## Problem
Starting with the line that contains "Nourishes the hair", copy out each line through the end of the entries below, exactly as written, and nothing else.

START Input records

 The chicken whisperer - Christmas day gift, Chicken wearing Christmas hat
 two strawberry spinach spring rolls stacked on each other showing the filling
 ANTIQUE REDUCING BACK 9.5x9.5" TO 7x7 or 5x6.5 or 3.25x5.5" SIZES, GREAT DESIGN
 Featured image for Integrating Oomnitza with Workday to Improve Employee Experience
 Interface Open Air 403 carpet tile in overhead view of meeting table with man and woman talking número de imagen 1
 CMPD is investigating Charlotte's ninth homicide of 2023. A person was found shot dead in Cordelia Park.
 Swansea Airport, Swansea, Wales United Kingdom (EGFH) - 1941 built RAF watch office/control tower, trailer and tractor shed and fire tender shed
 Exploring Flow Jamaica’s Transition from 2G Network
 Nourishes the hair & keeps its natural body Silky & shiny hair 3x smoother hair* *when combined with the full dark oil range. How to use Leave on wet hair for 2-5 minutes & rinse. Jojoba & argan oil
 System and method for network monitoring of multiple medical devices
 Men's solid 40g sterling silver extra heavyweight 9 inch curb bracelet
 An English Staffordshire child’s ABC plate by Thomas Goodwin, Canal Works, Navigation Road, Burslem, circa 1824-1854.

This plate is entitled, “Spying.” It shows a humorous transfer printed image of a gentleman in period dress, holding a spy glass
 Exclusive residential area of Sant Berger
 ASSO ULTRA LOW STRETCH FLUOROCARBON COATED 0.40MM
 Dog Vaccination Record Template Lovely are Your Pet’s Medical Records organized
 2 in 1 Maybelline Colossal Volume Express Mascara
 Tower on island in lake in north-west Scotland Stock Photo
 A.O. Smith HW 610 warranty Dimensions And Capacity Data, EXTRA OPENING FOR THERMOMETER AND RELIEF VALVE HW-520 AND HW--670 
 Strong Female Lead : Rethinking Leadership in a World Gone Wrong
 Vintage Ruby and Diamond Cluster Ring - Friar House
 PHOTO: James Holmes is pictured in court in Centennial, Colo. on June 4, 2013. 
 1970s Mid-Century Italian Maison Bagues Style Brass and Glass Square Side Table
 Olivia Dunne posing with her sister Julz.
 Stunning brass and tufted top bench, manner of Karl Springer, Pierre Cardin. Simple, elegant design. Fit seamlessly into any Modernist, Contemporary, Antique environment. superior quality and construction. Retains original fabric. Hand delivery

END Input records

## Solution
 Nourishes the hair & keeps its natural body Silky & shiny hair 3x smoother hair* *when combined with the full dark oil range. How to use Leave on wet hair for 2-5 minutes & rinse. Jojoba & argan oil
 System and method for network monitoring of multiple medical devices
 Men's solid 40g sterling silver extra heavyweight 9 inch curb bracelet
 An English Staffordshire child’s ABC plate by Thomas Goodwin, Canal Works, Navigation Road, Burslem, circa 1824-1854.

This plate is entitled, “Spying.” It shows a humorous transfer printed image of a gentleman in period dress, holding a spy glass
 Exclusive residential area of Sant Berger
 ASSO ULTRA LOW STRETCH FLUOROCARBON COATED 0.40MM
 Dog Vaccination Record Template Lovely are Your Pet’s Medical Records organized
 2 in 1 Maybelline Colossal Volume Express Mascara
 Tower on island in lake in north-west Scotland Stock Photo
 A.O. Smith HW 610 warranty Dimensions And Capacity Data, EXTRA OPENING FOR THERMOMETER AND RELIEF VALVE HW-520 AND HW--670 
 Strong Female Lead : Rethinking Leadership in a World Gone Wrong
 Vintage Ruby and Diamond Cluster Ring - Friar House
 PHOTO: James Holmes is pictured in court in Centennial, Colo. on June 4, 2013. 
 1970s Mid-Century Italian Maison Bagues Style Brass and Glass Square Side Table
 Olivia Dunne posing with her sister Julz.
 Stunning brass and tufted top bench, manner of Karl Springer, Pierre Cardin. Simple, elegant design. Fit seamlessly into any Modernist, Contemporary, Antique environment. superior quality and construction. Retains original fabric. Hand delivery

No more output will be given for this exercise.